Connecting ModRuby to your code is all done via Apache configuration directives. There are endless ways you can do this, but it’s all ultimately pretty simple. We will cover the necessary Apache configuration mechanics and work through many different scenarios which should give you a good feel for how everything works and what you can do.

1. Handlers

Everything is done in the context of handlers. Apache has many different kinds of handlers for different stages of the request handling process, but the most basic and common by far is the “content generator.” That’s where you, well, generate content ... which is basically what everyone thinks of server-side web programming anyway. That said, all handlers in ModRuby are in Apache parlance “content generators.” We will call these “module handlers.” These handlers are written in C and reside in the ModRuby module and they can be invoked from the Apache configuration as canonical Apache handlers. When you load the mod_ruby.so module in Apache, these handlers become available for you to use.

To be useful, a module handler must be linked up to a Ruby method of some kind. We refer to these Ruby methods as just “Ruby handlers” — they are what handles the request. There are three parameters that must be specified to link a module handler to a Ruby method:

  • Module: defines the Ruby module specified via the Ruby require directive

  • Class: specifies the class name within the respective module. This can be qualified with one or more module namespace prefixes (e.g. Juji::Fruit)

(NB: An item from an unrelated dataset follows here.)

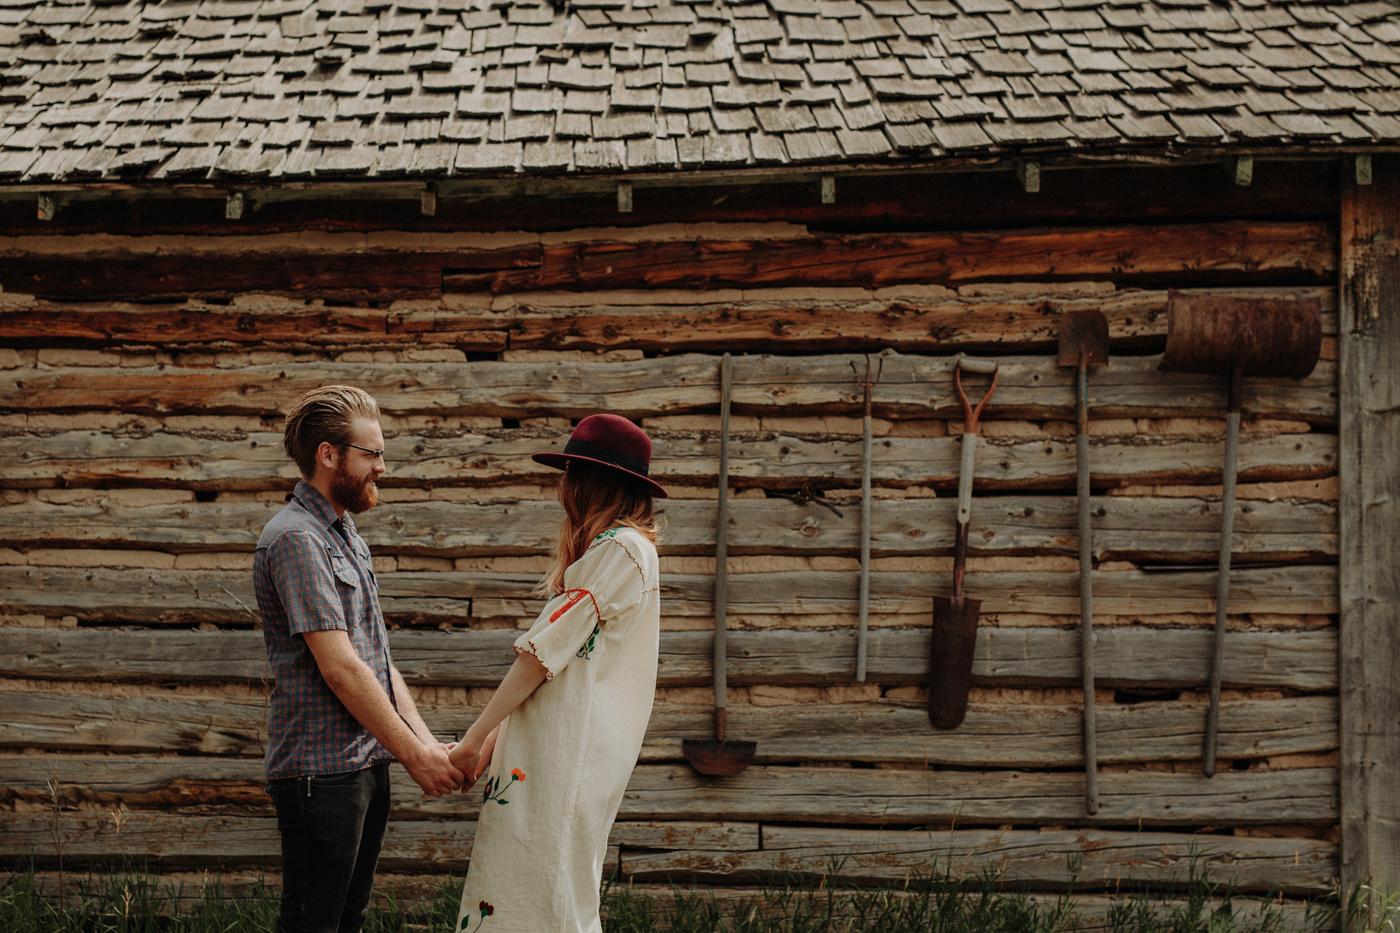 016-jones-max-colorado-ranch-engagement-photos.jpg

  • Method: specifies the method name within the class. This method takes exactly one argument which is used to pass in the Apache request object for the specific request being handled.

With these, the ModRuby module can load the Ruby module, instantiate an object of the given class, and then call the specified method, passing in the current request, which is an instance of the Apache::Request class. From that point on, it is up to the Ruby method to service the request (e.g. generate content). That’s the whole process. So configuration is thus the process of connecting module handlers (C functions in the mod_ruby Apache module) to Ruby methods in your files, and this is all done by specifying these connections in the Apache configuration file(s).

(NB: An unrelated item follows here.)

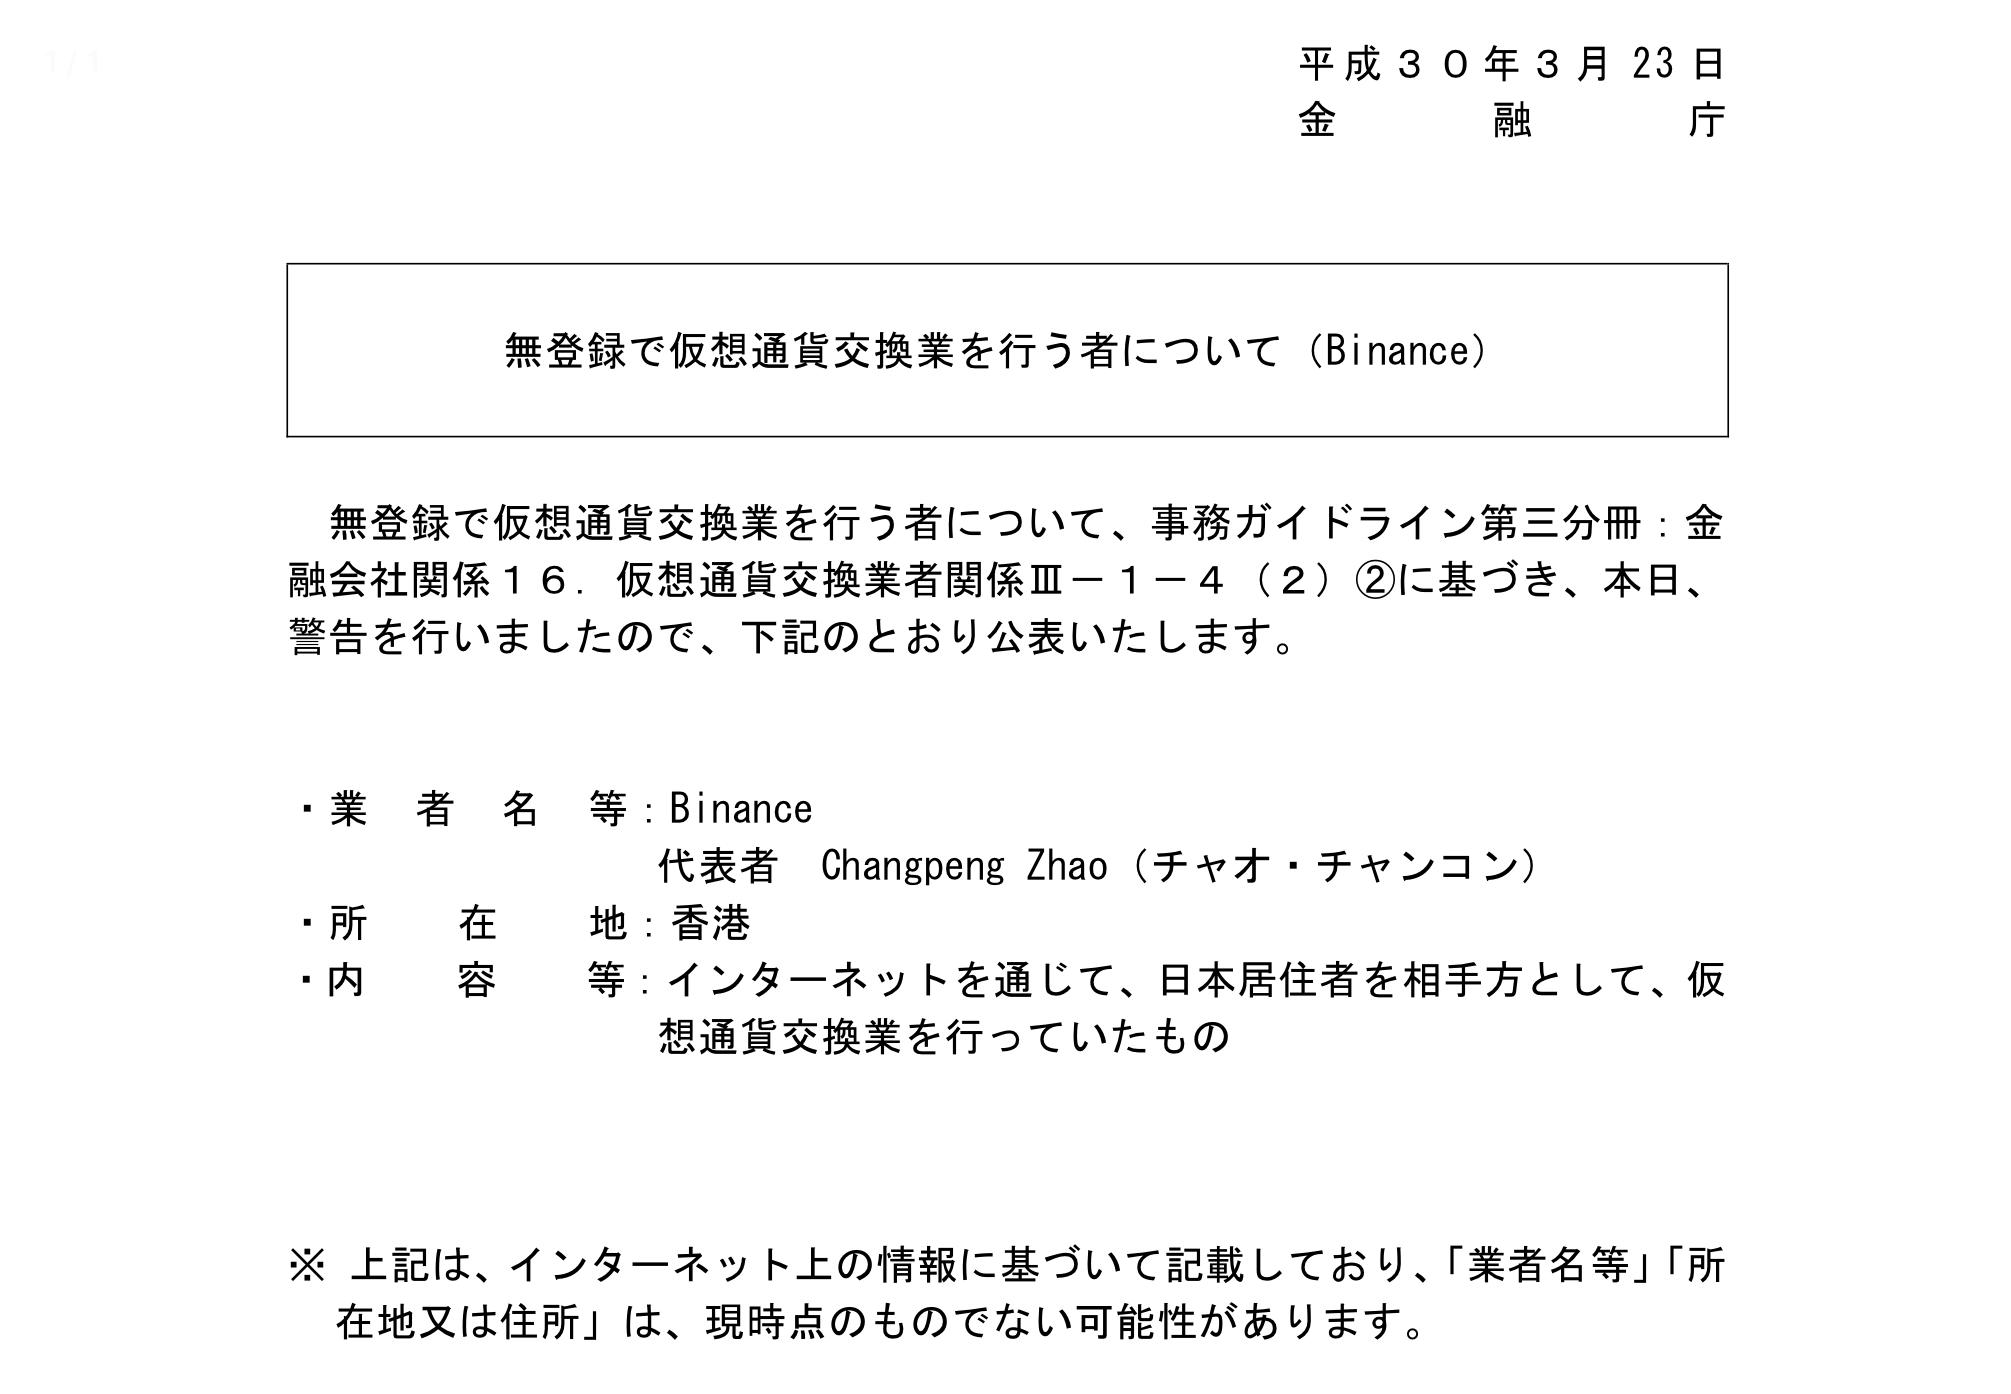 金融庁 Binance 警告

As with any Apache configuration, you can define all the file types, locations, directories and various other conditions under which your Ruby handler(s) should be called. There are almost limitless possibilities for how you can route requests to handlers. The whole point of all the different module handlers to simply to route the request to the right Ruby handler, and from that point on, it’s all Ruby. Module handlers are just Apache-configurable connectors that give you fine grained control over (1) what handlers are invoked, (2) under what circumstances, (3) in what specific configuration contexts.

In the Apache configuration file, there are two independent phases you must address in order to connect a web request to your Ruby handler:

  1. You specify the specific condition(s) in which the module handler is to be invoked. This connects the Apache request with a specific ModRuby handler.

  2. You associate the ModRuby handler with a specific Ruby method that is to service the request. This completes the route from Apache request to Ruby code.

That said, there are two classes of module handlers: script handlers and framework handlers. Script handlers exist specifically for processing RHTML and optimized Ruby (CGI) scripts. Framework handlers, on the other hand, are completely open-ended: they allow for a high degree of specificity under which conditions they are run and allow you to add custom configuration variables for each handler that are passed into the handler’s Ruby environment. They are designed to connect to bigger, more complex environments (e.g. frameworks).

1.1. Script Handlers

The script handlers are targeted at processing RHTML and Ruby CGI scripts. They consist of the ruby-rhtml-handler and ruby-script-handler configuration values, respectively. To use them, you would do something like the following in your Apache configuration:

<IfModule ruby_module>

AddHandler ruby-rhtml-handler .rhtml
AddHandler ruby-script-handler .rb .ruby

# Or perhaps
<Files ~ "\.(rhtml)$">
    SetHandler ruby-rhtml-handler
</Files>

# And maybe
<Location /ruby-cgi>
    SetHandler ruby-script-handler
</Files>

</IfModule>

You have to understand a little about Apache configuration file syntax for this to be crystal clear. Let’s take just the first two lines (the remaining examples of Apache directives will be covered later). The first two lines use Apache's AddHandler directive to tell Apache that if it sees a file with the extension of .rhtml to call the ruby-rhtml-handler handler. Similarly, if it sees a file with an extension of .rb or .ruby, to call the ruby-script-handler. Both of these handlers are just C functions in the mod_ruby.so module. Basically, these directives will cause Apache to pass control to these C functions for requests that ask for files with .rhtml, .rb or .ruby extensions. This takes care of phase 1.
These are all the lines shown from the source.